The first of these articles was actually commissioned for issue 38 of the MIT’s Thresholds journal, but I have no clue if it is really going to be published or not. (I guess that’s the way some editors manage their responsabilities out there.)
As I’m about to revisit the issue of architecture and science fiction for the local FNAC magazine – one publication that, at least, has a wide readership in the gullible world of popular culture – I reread my very personal story and thought it fit as a piece of festive shrapnel. Read it here, perhaps while listening to this.

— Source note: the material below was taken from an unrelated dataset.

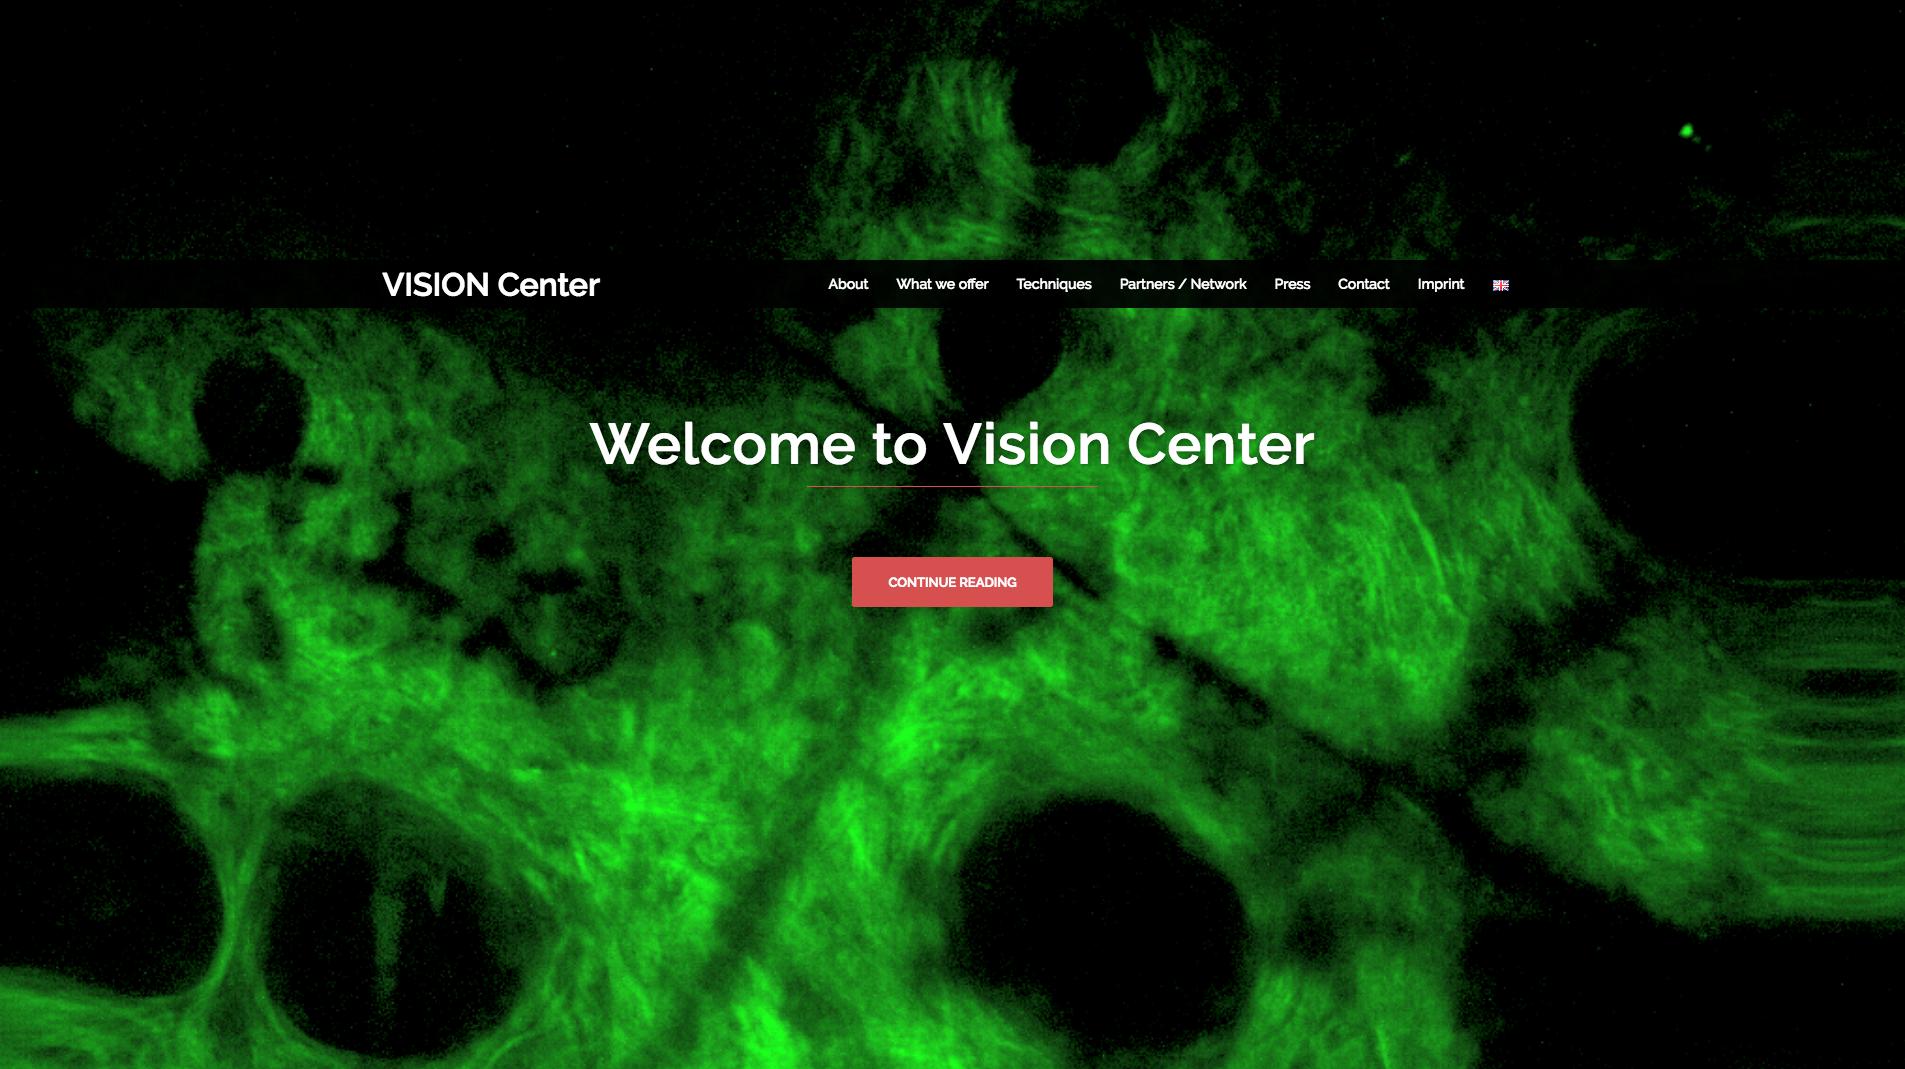 Virtuelt servicecenter VISION er nu online
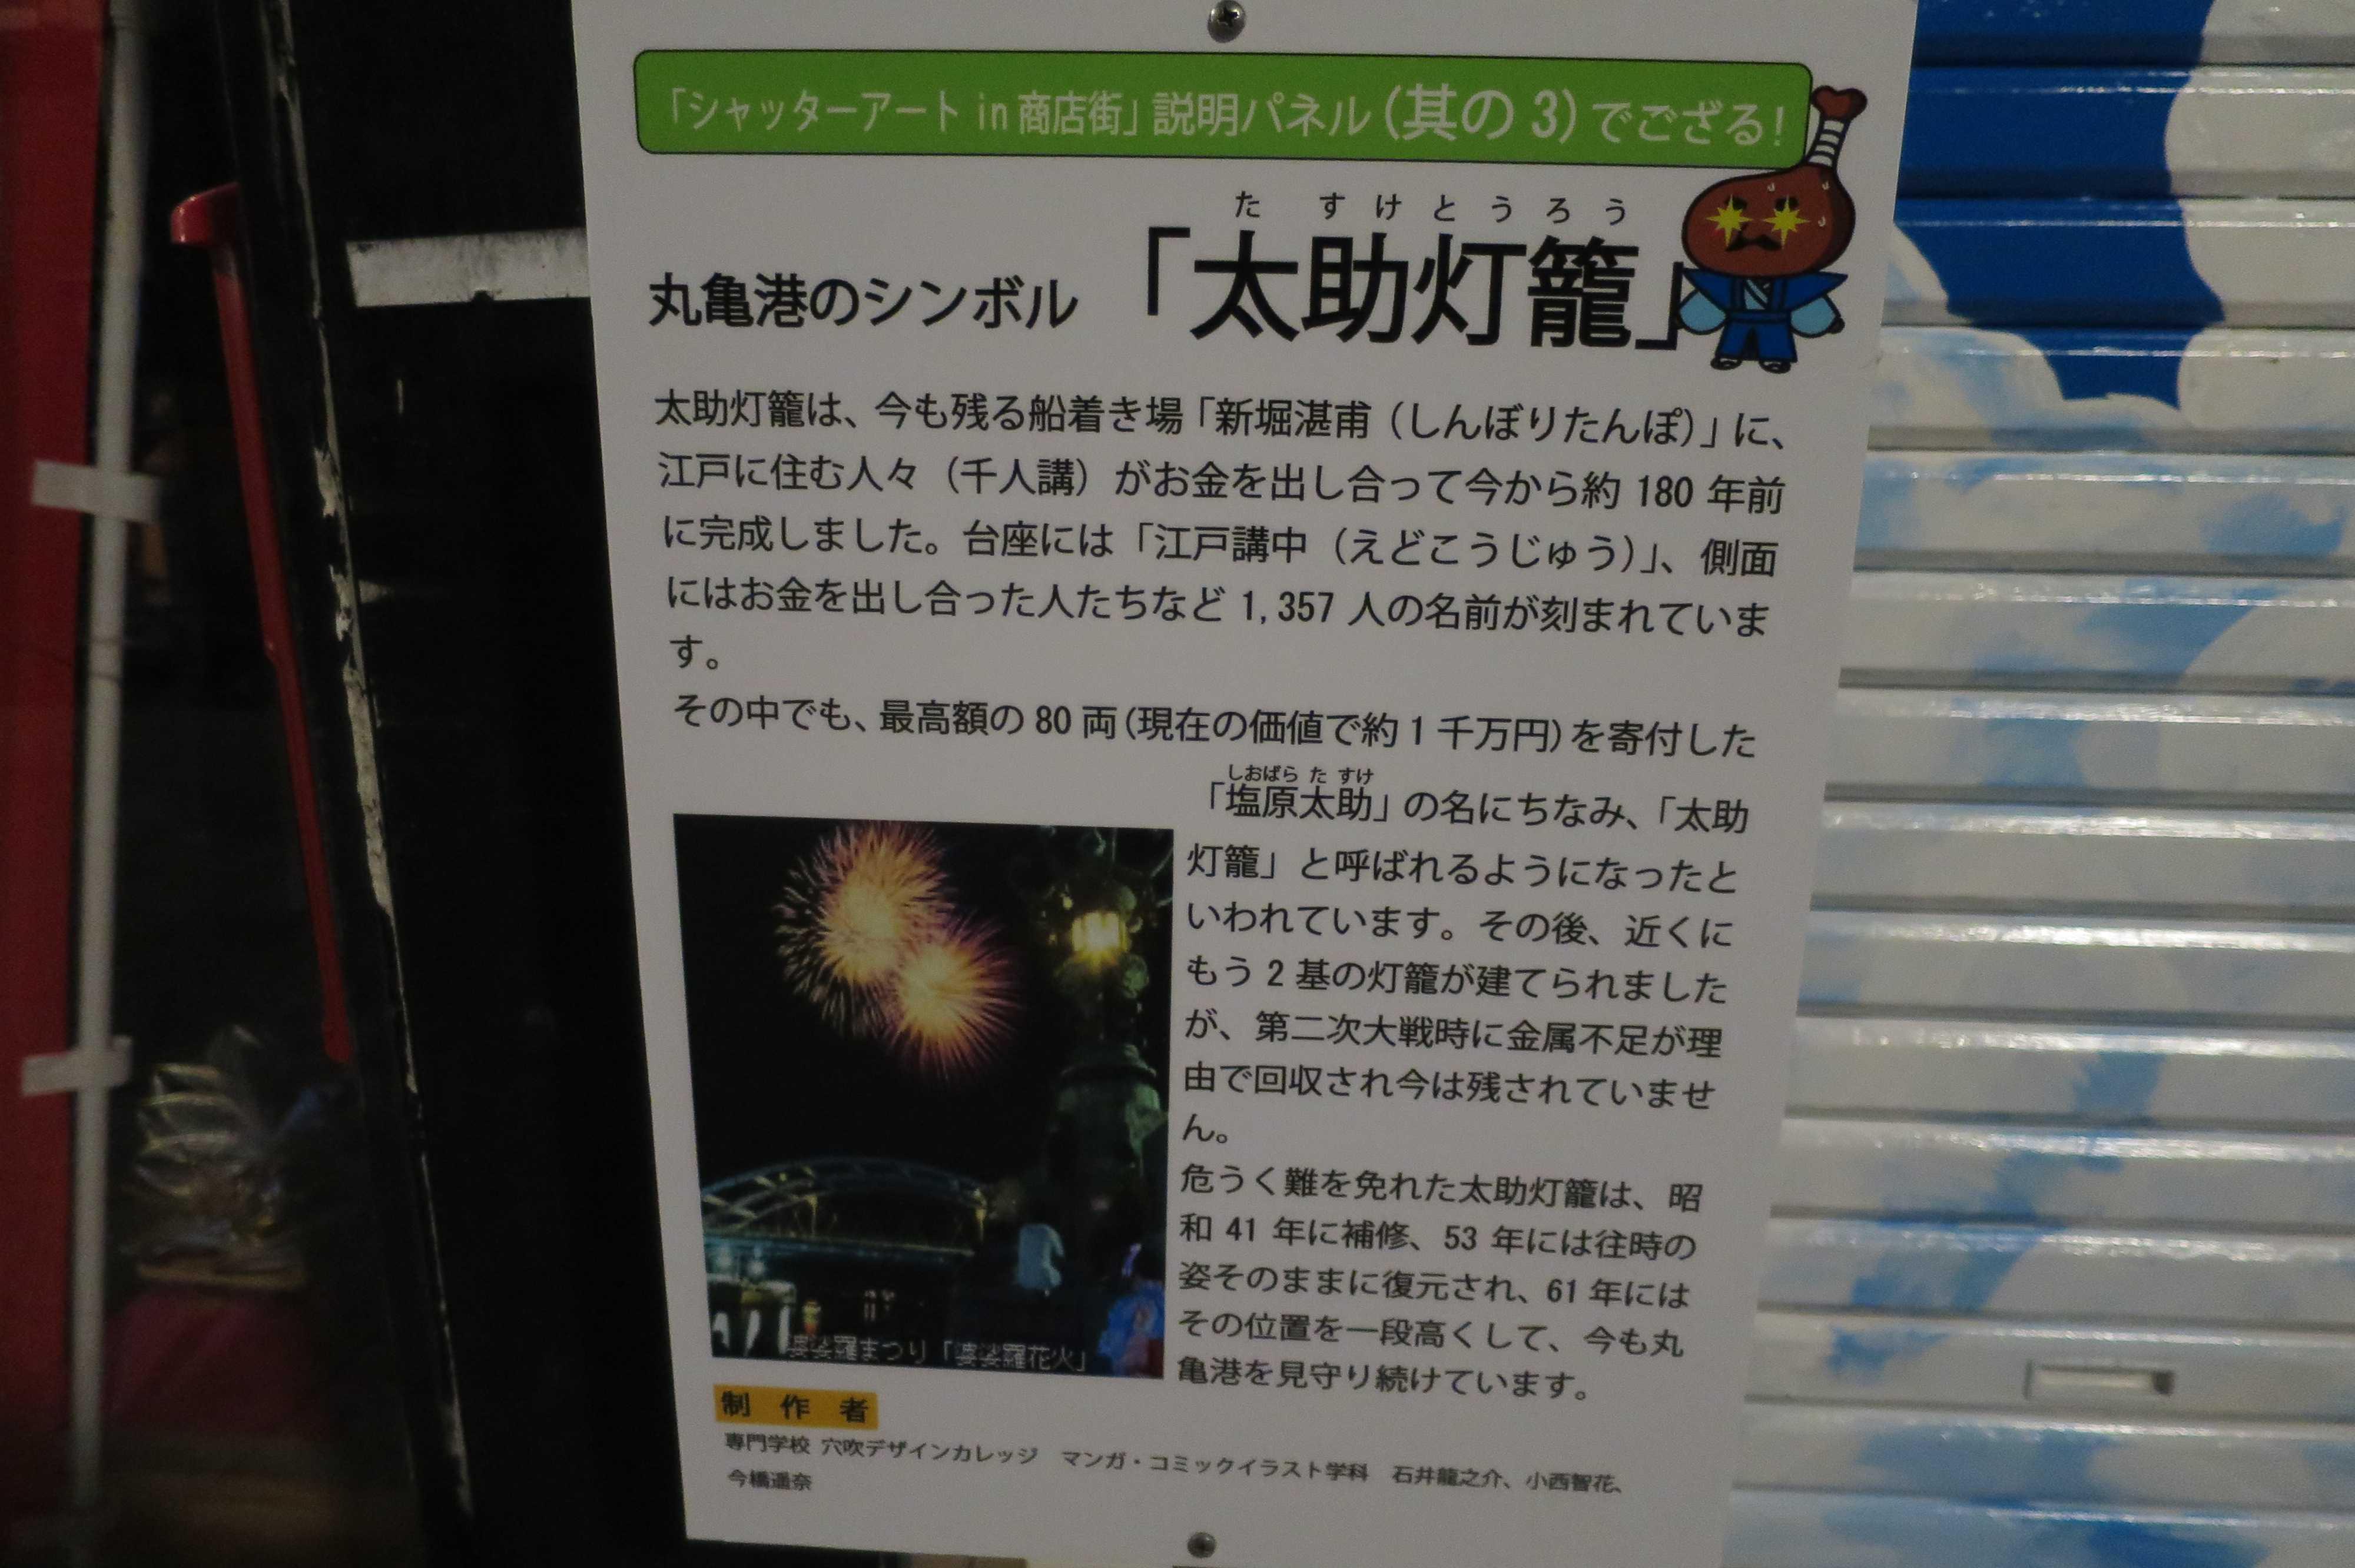 富谷町商店街: シャッターアート in 商店街  丸亀港のシンボル「太助灯籠」

Archigram, A Walking City. Via io9…
The stimulus was there, the text as well, so here goes another piece of text onto that growing world of unpaid content that, as some critics are now shyly discovering, – and as I would boldly state – will ultimately drive exclusive, academic writing onto the useless niche where it belongs.
Back in 2005, parallel to this notion, I have also produced some reflections – and something of a demonstration – on the subject of how the decrease of professional criticism would ultimately kill architecture as we know it. Naturally, Portugal was a retro-avant-garde in that respect.
However, the article was published in a small, local academic magazine and thus it was read by practically nobody – which is one of the (general) problems of the design and architectural critique these days. As Alexandra Lange just unfolded it for us in the Design Observer, after her other article on the subject in the recently revived Architecture d’Aujourd’Hui.
As such, I also take the opportunity to republish that old text in my Portuguese language archives. As for the English-speaking world, it can always read the somewhat less darker version of a similar content in Lange’s “boring” blog.